About the Bars in Past and Future
The bars show the most common words in the answers of each country excluding stop words and sentences that were too ambiguous. The intention of the bars is to show the most common words and sentences used per country. In this way, the bars "Past Section" contain the most common words for the answers to question 4, whereas the bars of "Future Section" show the most common words of answers to question 5.
About the Donut Charts
In the case of the donut chart in the "Past Section", we used the answers from questions 1, 2 in order to determine a positive (green), neutral (gray) or negative (red) sentiment. Since in questions 1 and 2 the answers were based on options, we assigned a score to each option and then used the total score to determine the sentiment. It is interesting to note that in some countries the prominent sentiments are opposite with the most common sentences. This is a natural effect derived by the subjective nature of the survey.
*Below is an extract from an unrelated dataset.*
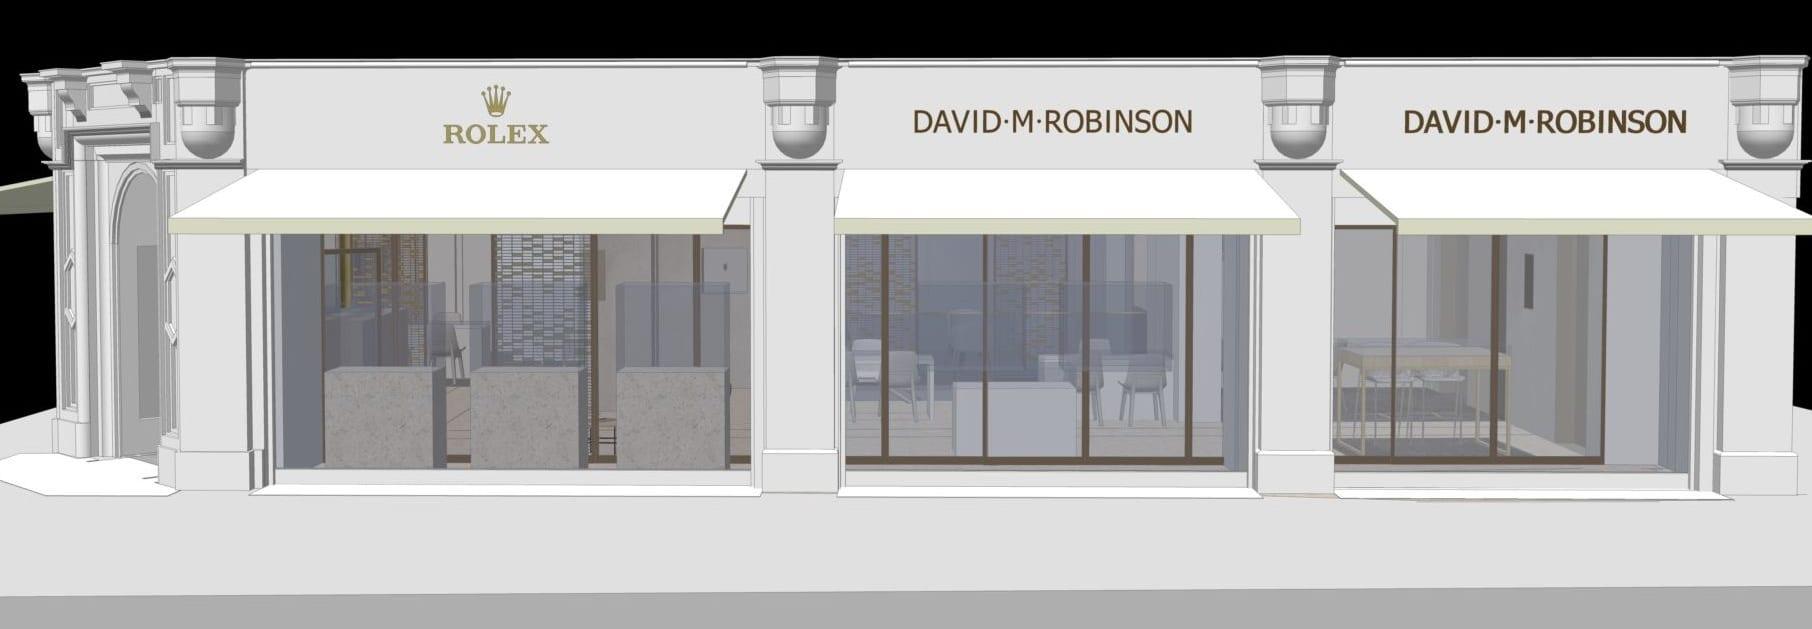 David M Robinson Manchester

On the other hand, we classified automatically the answers to question 5 into positive, negative, neutral, empty and undetermined for the "Future Section". For the donut chart, we used only the results of "positive", "negative" and "neutral".
Conclusions and Recommendations
We feel that it is very important to visualize results of surveys in ways that can be easily interpreted by authorities and the general public. In this case, we wanted to emphasize two phases : the future and the past. We also feel that it is important to provide interactive visualizations in order to provide more robust information about surveys specially those involving free text answers. We consider this visualization a first step and we look forward to provide interaction in the future.
Although we tried hard to show the results of answers to question 3 and 5, since we thought they were very important, the big problem that we have faced is to classify natural language with grammar errors and ambiguity. We assume that the translations were not made by humans but instead by automatic translators and therefore several grammar mistakes and ambiguity were kept. In cases where multiple choice questions cannot be given in surveys, we advice to provide answer options such as questions 1 and 2. In this way people will limit their answers to the options given. The risk of given freedom of answer such as question 3, 4 and 5 is that answers cover other topics that are not related to the question.
Last updated on July 25th, 2011.